Similarly, the amounts of pJAK2 and pSTAT5 have been significantly re duced in K562 cells expressing SOCS 3 or SOCS three without affecting the complete protein ranges of JAK2 and STAT5. K562 cells expressing SOCS 3 exhibited a slightly decreased level of pJAK2 but unchanged degree of pSTAT5 compared with management cells. With each other, these experiments demon strated that Bcr Abl dependent tyrosine phosphorylation of SOCS one and SOCS 3 coincided together with the activation of JAK2 and STAT5 in K562 leukemic cells. Disrupting the Tyrosine Phosphorylation of SOCS 1 or SOCS three Sensitizes K562 Cells to Undergo Apoptosis Simply because activation of JAK2 and STAT5 was inhibited by disrupting the tyrosine phosphorylation of SOCS one or SOCS 3 and given that ac tivation of JAK2/STAT5 signaling contributes to elevated cell survival, we hypothesized that decreasing the levels of tyrosine phosphorylated SOCS one or SOCS three might sensitize K562 cells to undergo apoptosis in response to drug therapy.
As shown in Figure 6A, 77. 5% of K562 cells expressing GFP manage and 64. 4% of cells expressing SOCS one remained viable immediately after therapy with etoposide for 48 hours under our culture situation. Even so, only 33. 8% of K562 cells ex pressing SOCS one and 21. 7% of cells hop over to these guys expressing SOCS one were viable under the same culture disorders. As expected, 70. 4% of cells expressing SOCS three remained viable just after treatment with etoposide for 48 hours, which was comparable to that of management cells. Strikingly, only 28. 7% of K562 cells expressing SOCS three were viable, whereas 63. 4% of K562 cells expressing SOCS 3 were viable beneath the exact same condi tions. Collectively, these information indicate that disrupting the tyrosine phosphorylation of SOCS 1 or SOCS 3 sensitizes K562 cells to undergo apoptosis.

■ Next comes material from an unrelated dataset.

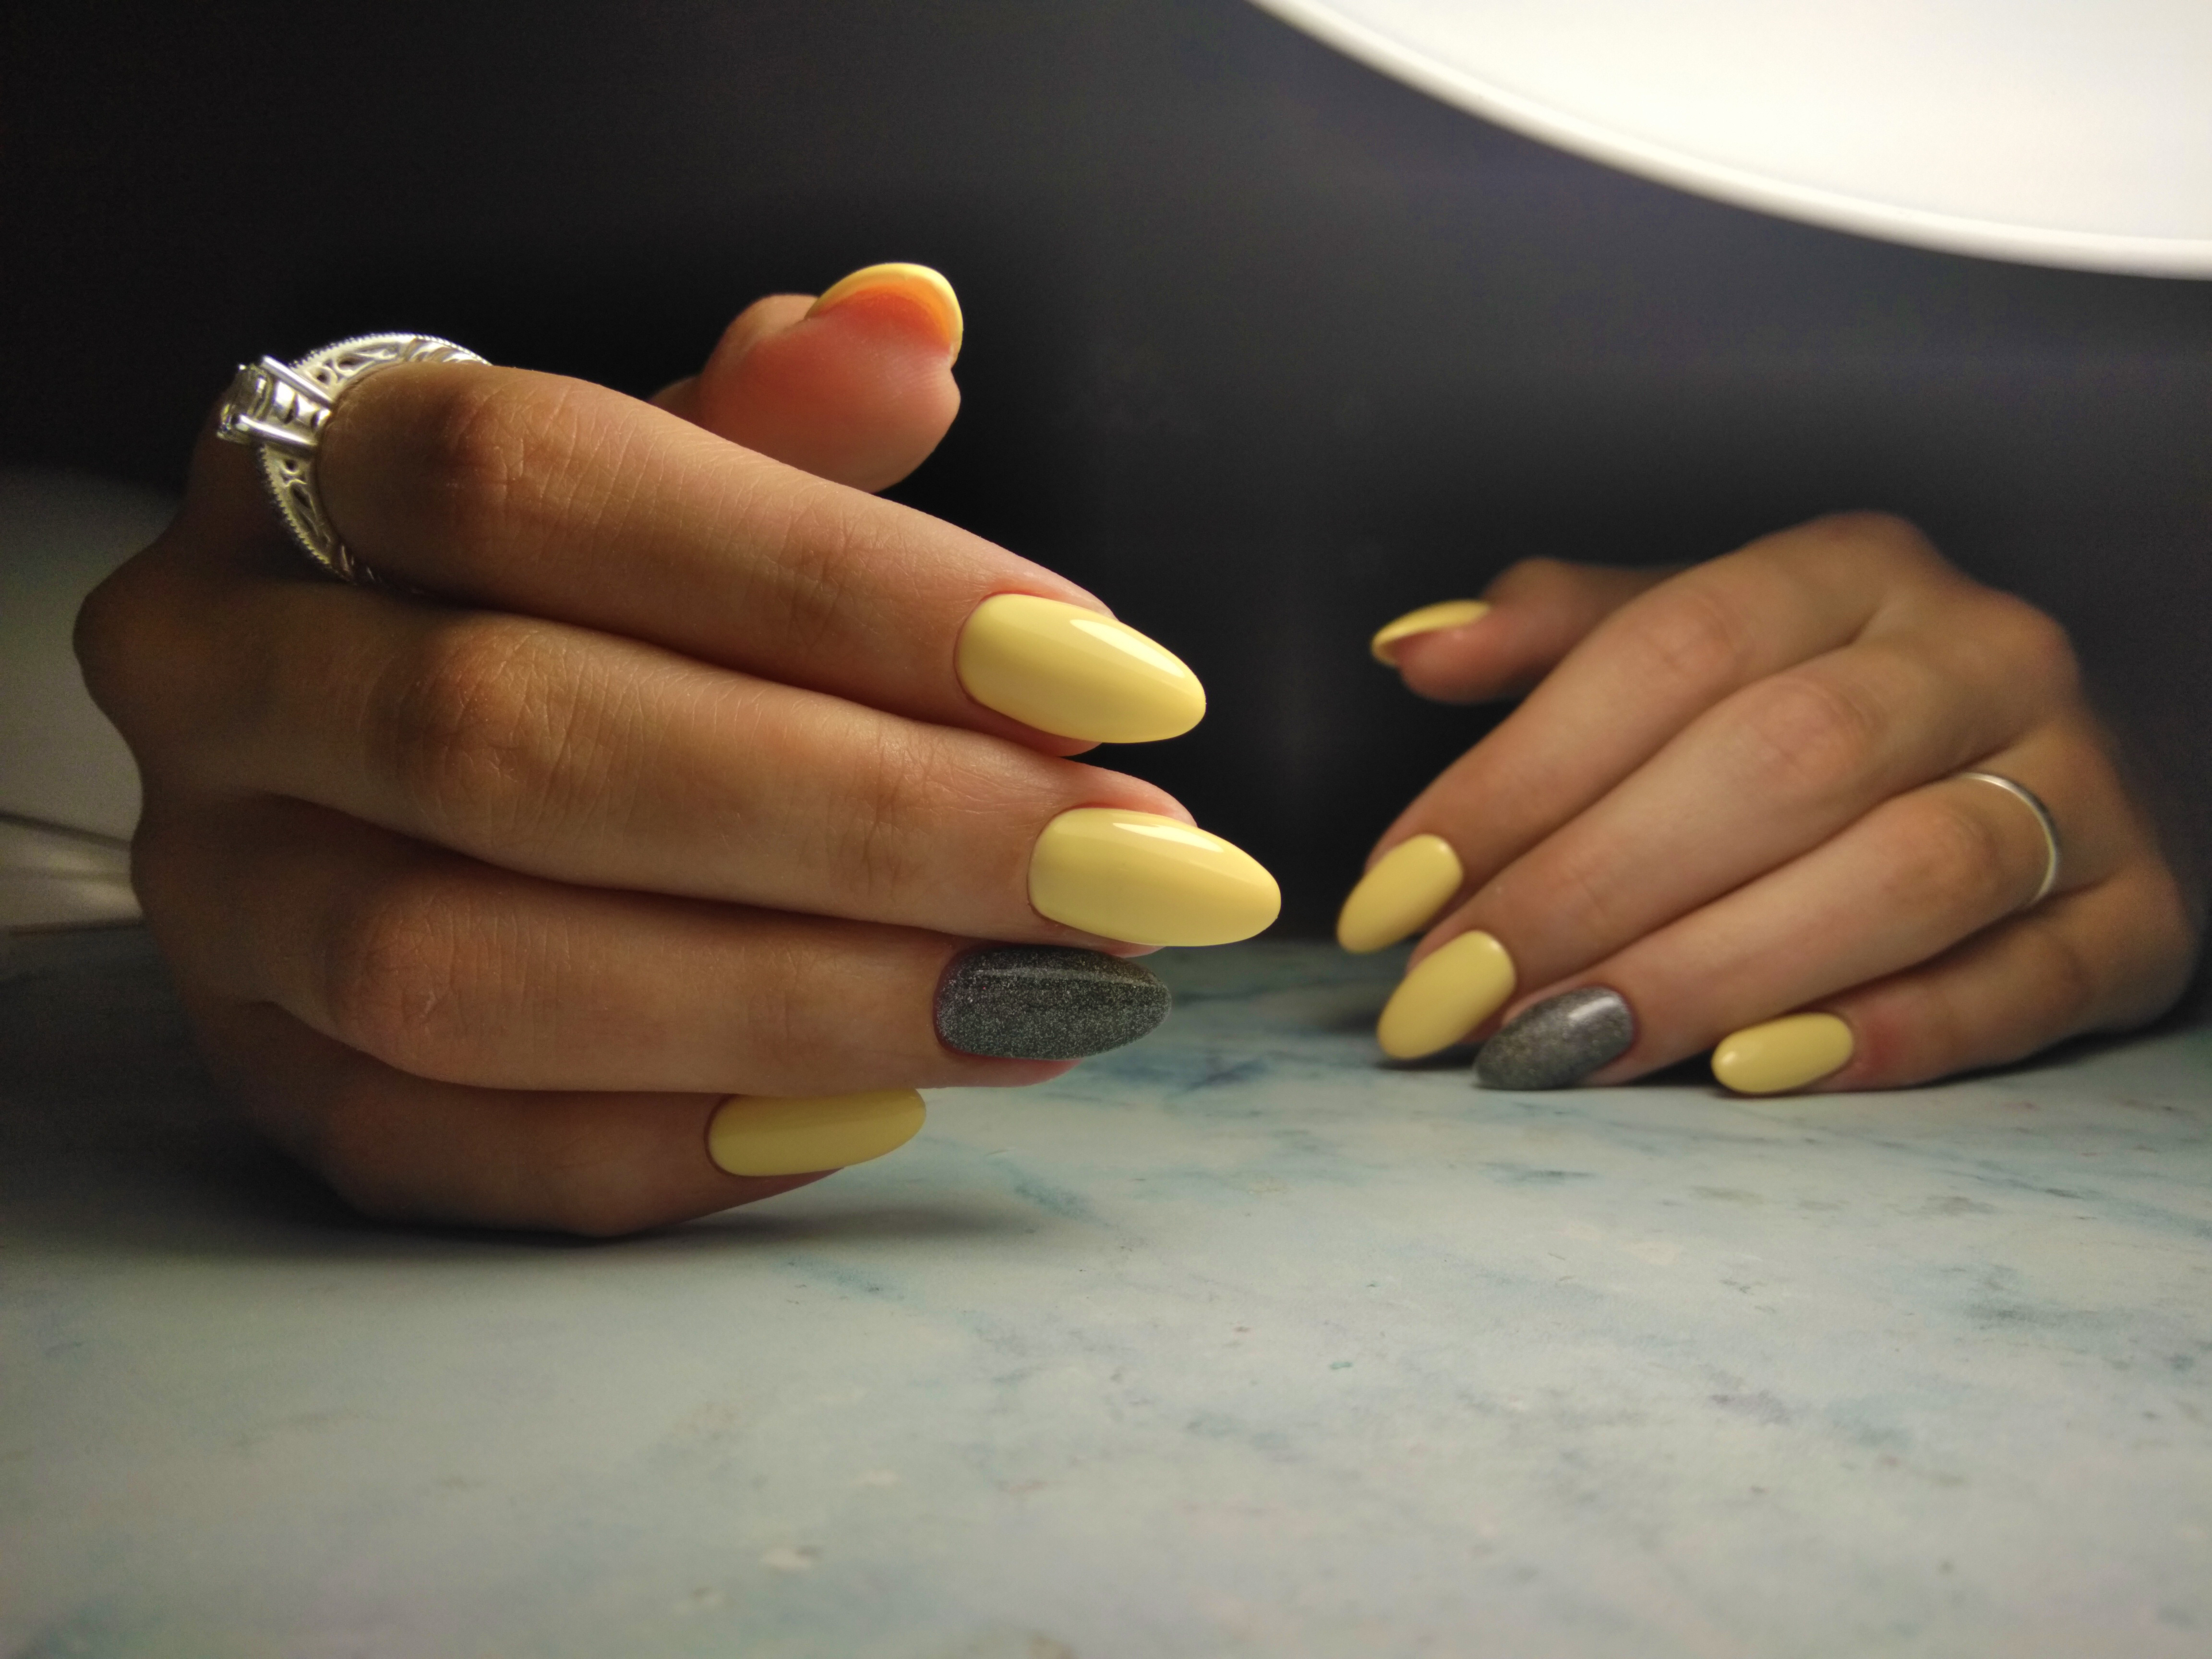 Ongles accentué jaune et gris. | Source : Getty Images

Former price MLN9708 studies have suggested that inefficient apoptotic signaling in Bcr Abl transformed cells could possibly be attributed towards the STAT5 dependent expression of antiapoptotic Bcl XL protein. As a result, we rea soned that increased apoptosis of K562 cells expressing SOCS mu tants presented above was possible as a consequence of impaired expression of Bcl XL. To test this likelihood, we examined the amounts of Bcl XL and Bcl 2 in K562 cell lines stably expressing GFP handle, SOCS 1, SOCS three, or their mutants. Indeed, we observed that the level of Bcl XL significantly decreased in K562 cells expressing SOCS one, SOCS 1, SOCS 3, or SOCS three com pared with these in cells expressing wild variety SOCS proteins or GFP alone. In contrast, no major

improvements in protein expression of Bcl 2 were observed in cells expressing these SOCS mutants. Selective Mutation of Tyrosine Phosphorylation Web-sites of SOCS one or SOCS 3 Thoroughly Blocks Tumor Formation Attributable to K562 Cells in Mouse Model A vital extension of our hypothesis was to set up no matter whether tyrosine phosphorylation of SOCS one or SOCS 3 is needed for Bcr Abl induced tumorigensis.